Non mancava ormai molto alla fine del tragitto e fino ad allora il viaggio era proseguito in silenzio tutt'altro che quieto; tensione, paura e dubbio la facevano da padroni senza lasciare il minimo spazio a qualcosa che potesse anche solo lontanamente somigliare alla speranza e alla certezza che tutto andasse per il meglio.

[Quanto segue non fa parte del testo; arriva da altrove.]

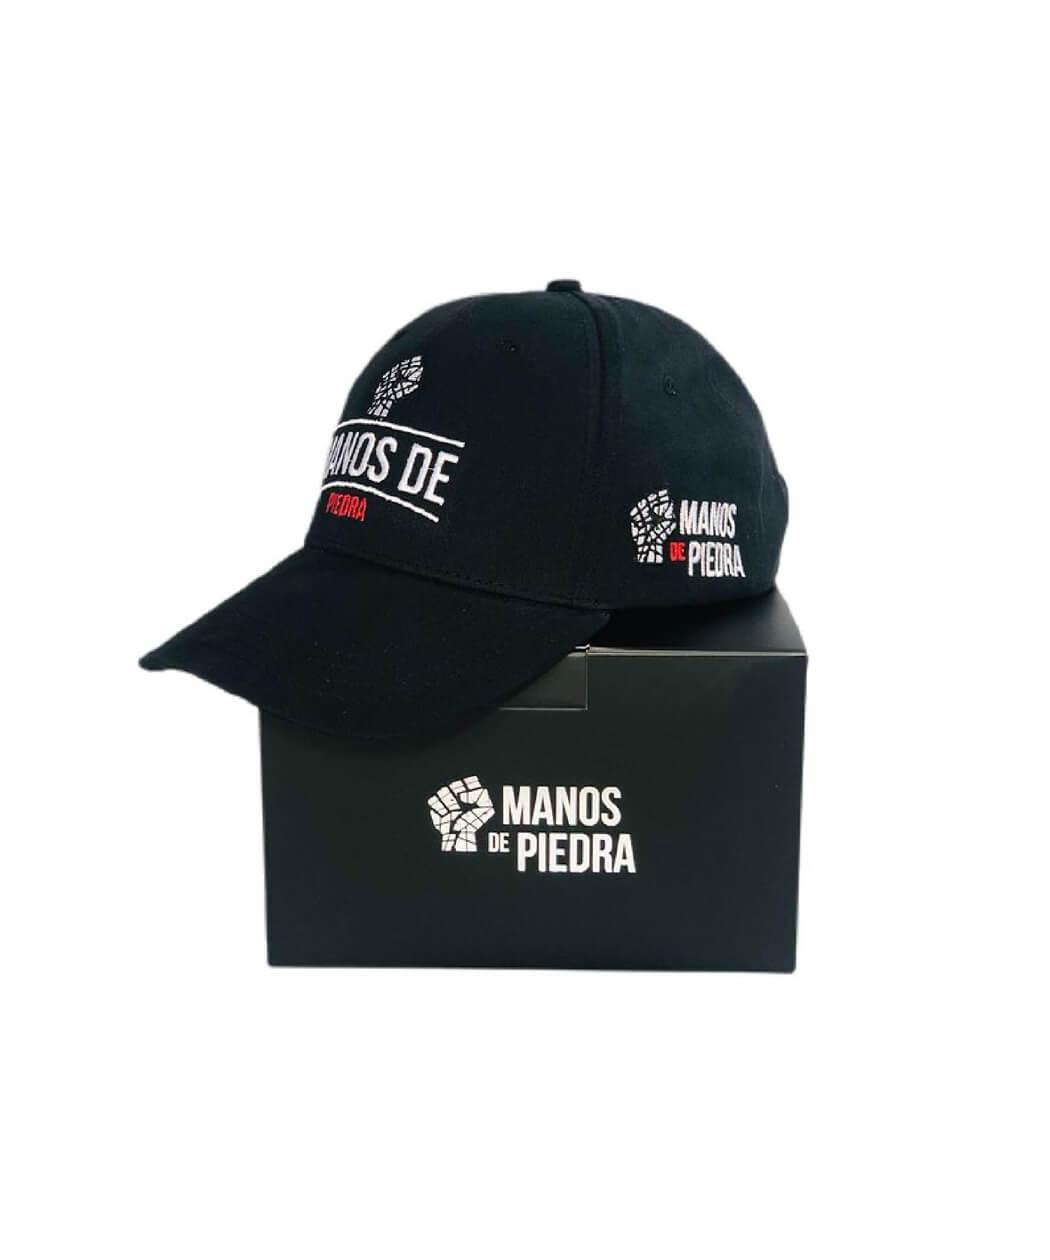 Branded cap design and branded packaging

Blake aveva deciso di non chiedere di nuovo a Diego quali fossero le sue intenzioni con esattezza per paura che l'Arciere pensasse che non riponeva abbastanza fiducia in lui, ma non poteva non domandarsi quanto fosse corretto e giusto cedere il timone a Rivagni e sperare che il suo ottimo e astuto uso delle parole potesse ammansire Perisyan. Sarebbe stato sufficiente lisciargli il pelo pur avendo mandato a monte i piani di una figura di spicco quale era il Cancelliere in persona?

Forse ha deciso di seguire almeno in parte il mio piano, per quanto bislacco possa essere, si disse Syders. Era difficile comprendere gli schemi che la mente di Diego formulava e al momento il suo sguardo era totalmente impenetrabile. Poteva voler dire tutto o niente.

Blake guardò alla propria sinistra e finalmente gli fu chiaro come mai Lysander avesse smesso di fare in continuazione domande alle quali lui, ben presto, non aveva più saputo dare risposte esaustive: si era addormentato, raggomitolato sul proprio posto come un bambino o un gatto. Ce ne voleva per assopirsi mentre ci si trovava su un treno traballante e ben poco comodo come quello. Doveva essere più stanco di quanto avesse dato a vedere fino a minuti addietro e non si poteva certo fargliene una colpa.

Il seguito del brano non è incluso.